RAW DATA:
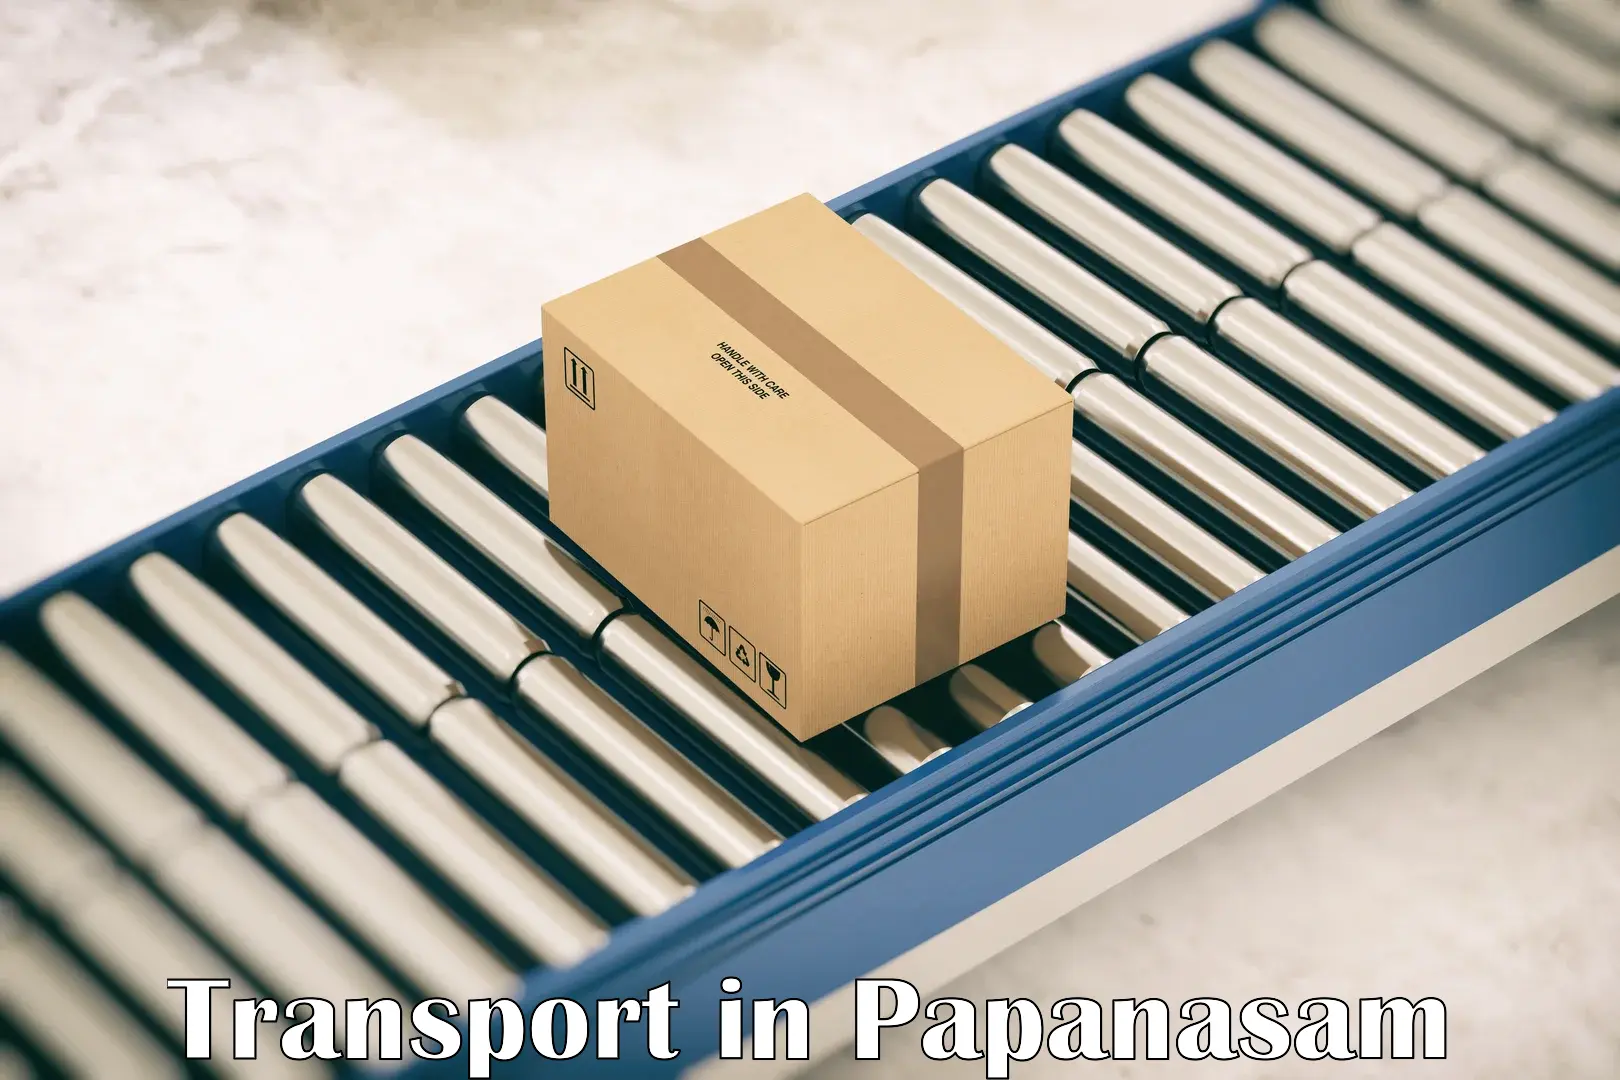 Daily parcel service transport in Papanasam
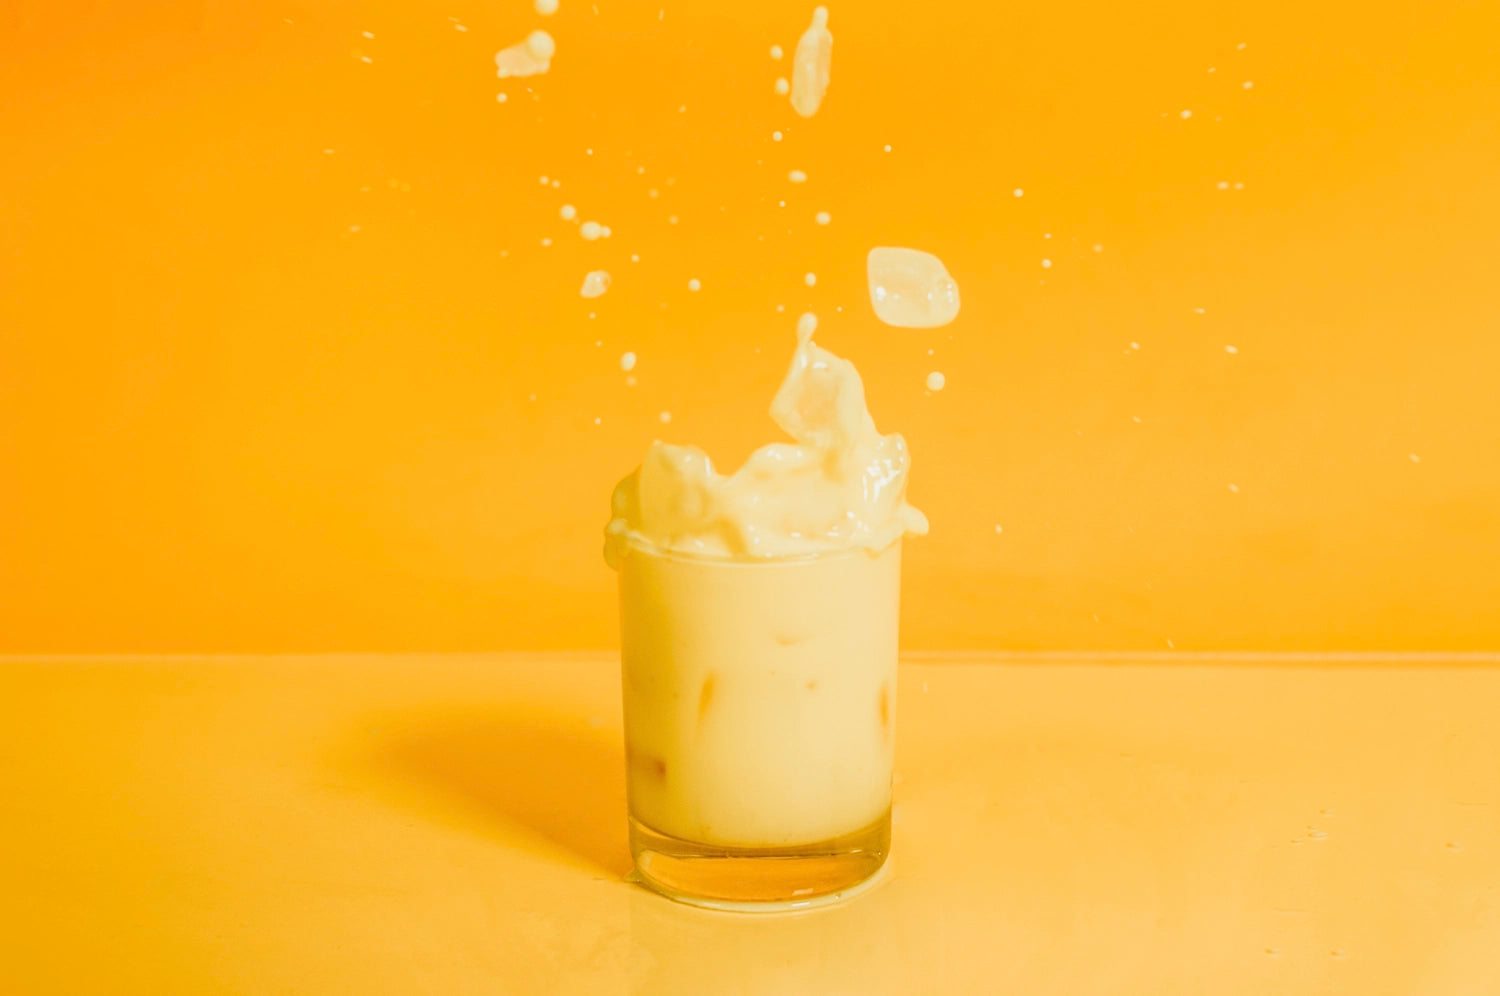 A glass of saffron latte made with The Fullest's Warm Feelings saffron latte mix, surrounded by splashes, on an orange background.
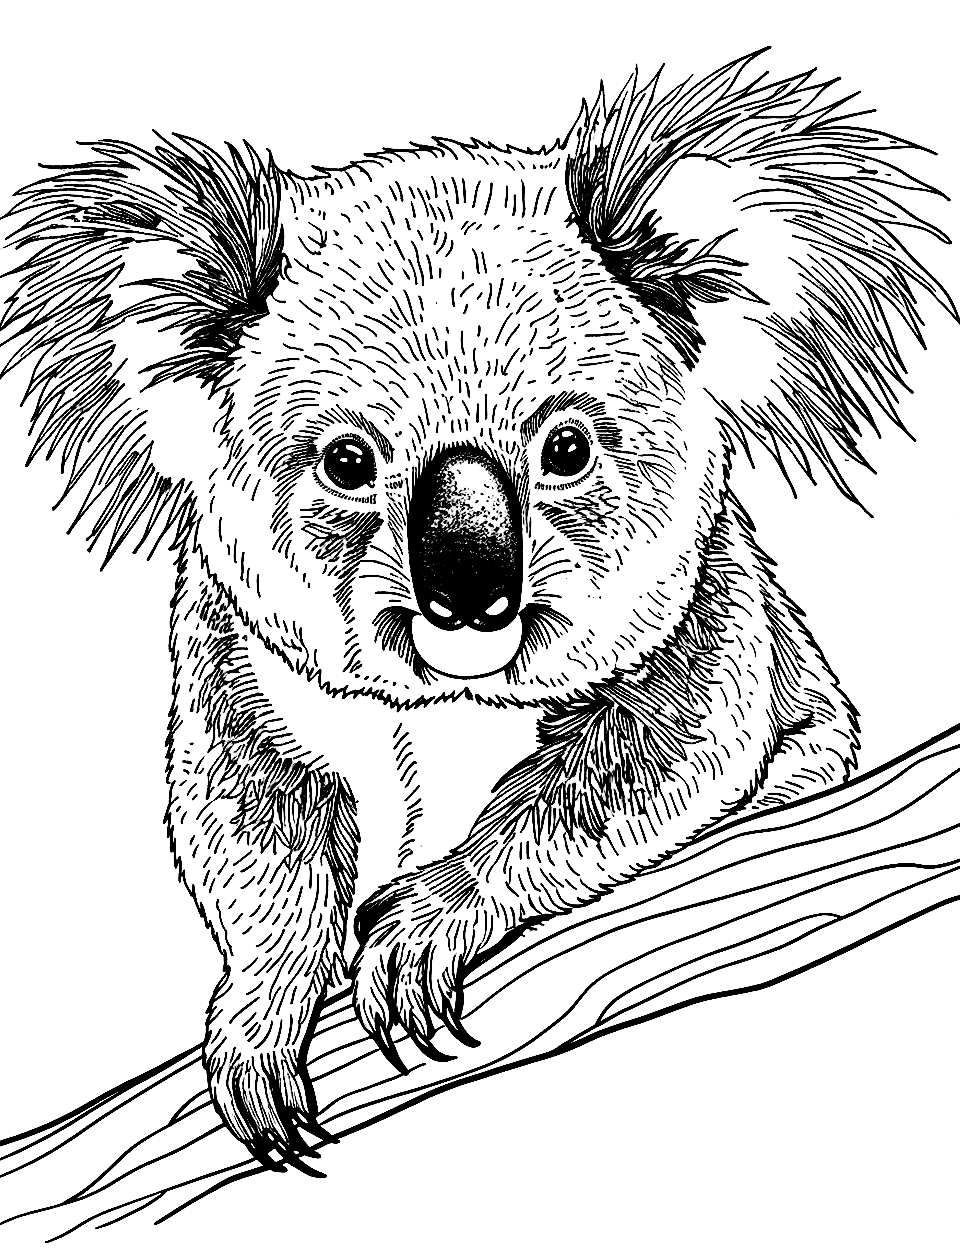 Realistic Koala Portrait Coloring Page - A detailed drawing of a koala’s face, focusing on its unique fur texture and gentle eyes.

TASK DESCRIPTION:
Quote the material in full and exactly; do not carry over its pictures.

EXERCISE RESPONSE:
 Daily parcel service transport in Papanasam
 A glass of saffron latte made with The Fullest's Warm Feelings saffron latte mix, surrounded by splashes, on an orange background.
 Realistic Koala Portrait Coloring Page - A detailed drawing of a koala’s face, focusing on its unique fur texture and gentle eyes.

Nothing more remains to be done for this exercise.